New Mirror That Can Be Flexibly Shaped Improves X-Ray Microscopes


A team of researchers in Japan has engineered a mirror for X-rays that can be flexibly shaped, resulting in remarkable precision at the atomic level and increased stability. The new technology developed by Satoshi Matsuyama and Takato Inoue at the Graduate School of Engineering of Nagoya University, in collaboration with RIKEN and JTEC Corporation, improves the performance of X-ray microscopes and other technologies that use X-ray mirrors. The results were published in the journal Optica.

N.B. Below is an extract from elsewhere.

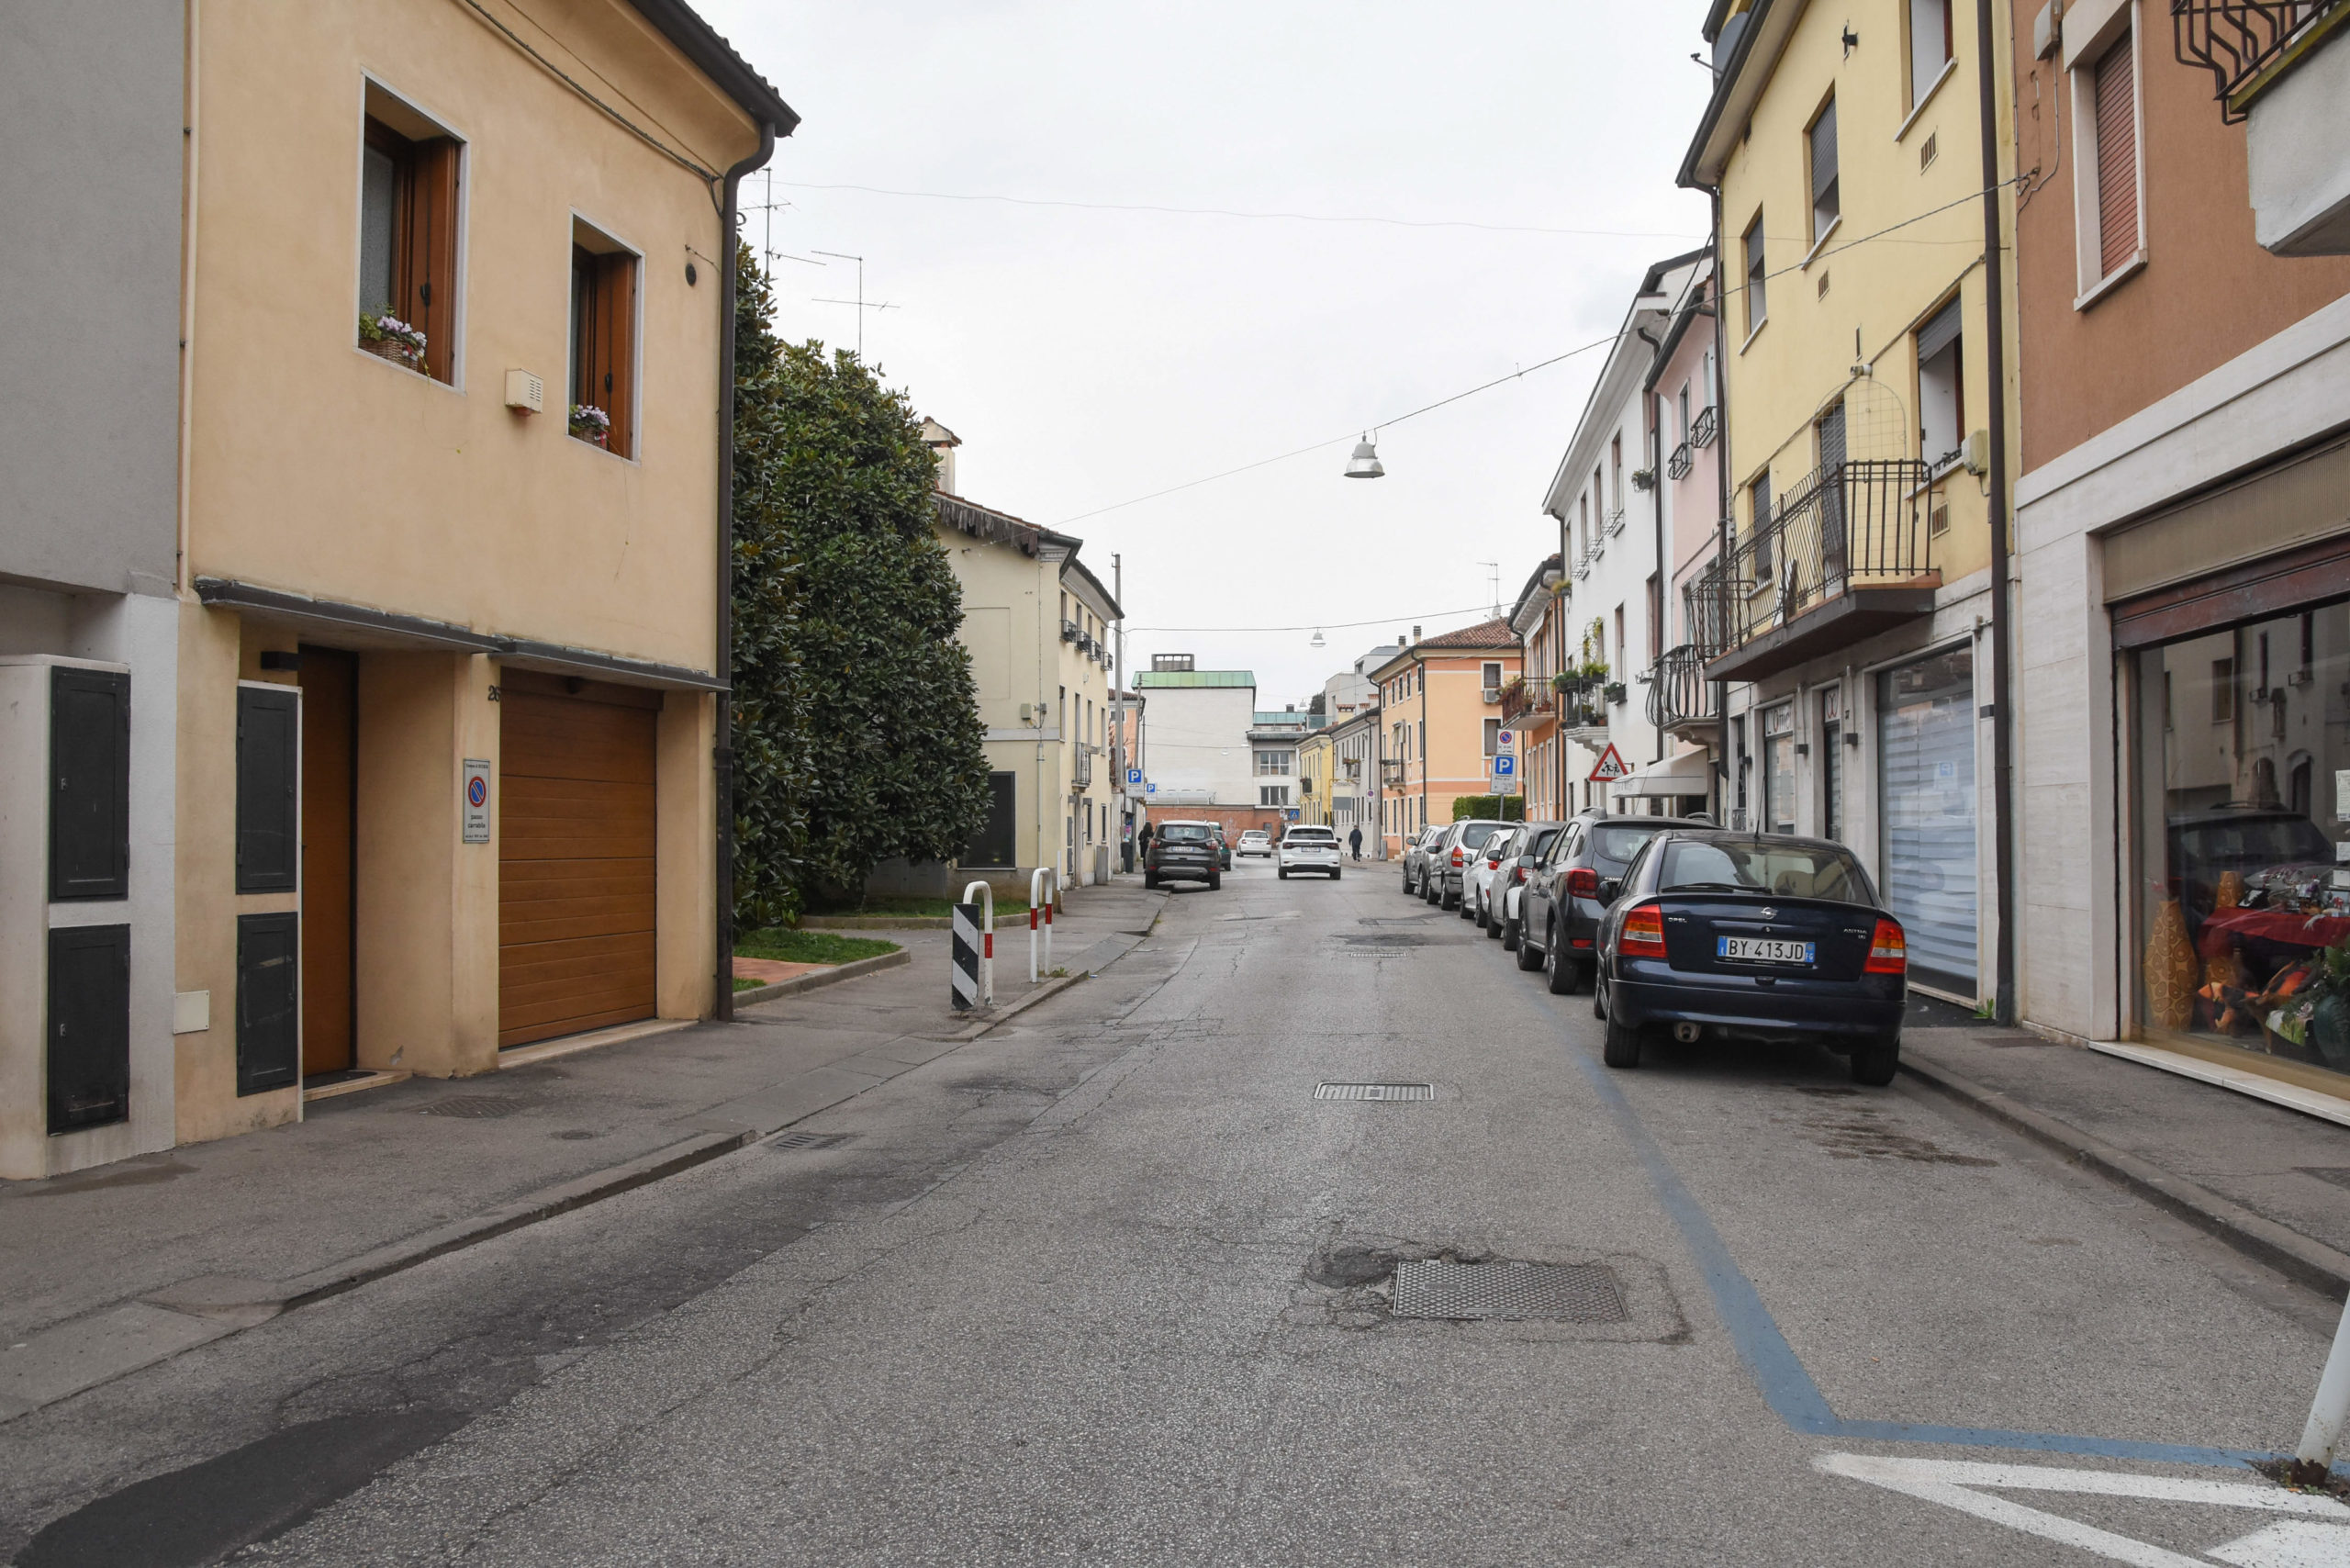 Via Raffaele Pasi (Vicenza-Toniolo Ilaria-Colorfoto per ViPiù)

An X-ray microscope is an advanced imaging tool that bridges the gap between electron and light microscopy. It uses X-rays, which can provide better resolution than light and penetrate samples too thick for electrons to penetrate. This allows for imaging of structures that are difficult to see with other microscopy techniques. X-ray microscopes have high resolution, which makes them especially valuable in fields such as materials science and biology because they can observe the composition, chemical state, and structure inside a sample.

Mirrors play a vital role in X-ray microscopes. They reflect X-ray beams, allowing for high-resolution imaging of complex structures. High-quality images and accurate measurements are a necessity, particularly in state-of-the-art scientific fields such as catalyst and battery inspections.

However, the small wavelength of X-rays makes them vulnerable to distortion from minor manufacturing flaws and environmental influences. This creates wavefront aberrations that can limit image resolution. Matsuyama and his collaborators solved this problem by creating a mirror that can deform, adjusting its shape according to the detected X-ray wavefront.

To optimize their mirror, the researchers looked at piezoelectric materials. These materials are useful because they can deform or change shape when an electric field is applied. This allows the material to reshape itself to respond to even minor aberrations in the detected wave.

After considering various compounds, the researchers chose a single crystal of lithium niobate as their shape-changeable mirror. Single-crystal lithium niobate is useful in X-ray technology because it can be expanded and contracted by an electric field and polished to make a highly reflective surface. This allows it to serve as both the actuator and the reflective surface, simplifying the device.

“Conventional X-ray deformable mirrors are made by bonding a glass substrate and a PZT plate. However, joining dissimilar materials is not ideal and results in instability,” Matsuyama said. “To overcome this problem, we employed a single crystal piezo material, offering exceptional stability because it is made of a uniform material without bonding. Due to this simple structure, the mirror can be freely deformed with atomic precision. Moreover, this precision was maintained for seven hours, confirming its extremely high stability.”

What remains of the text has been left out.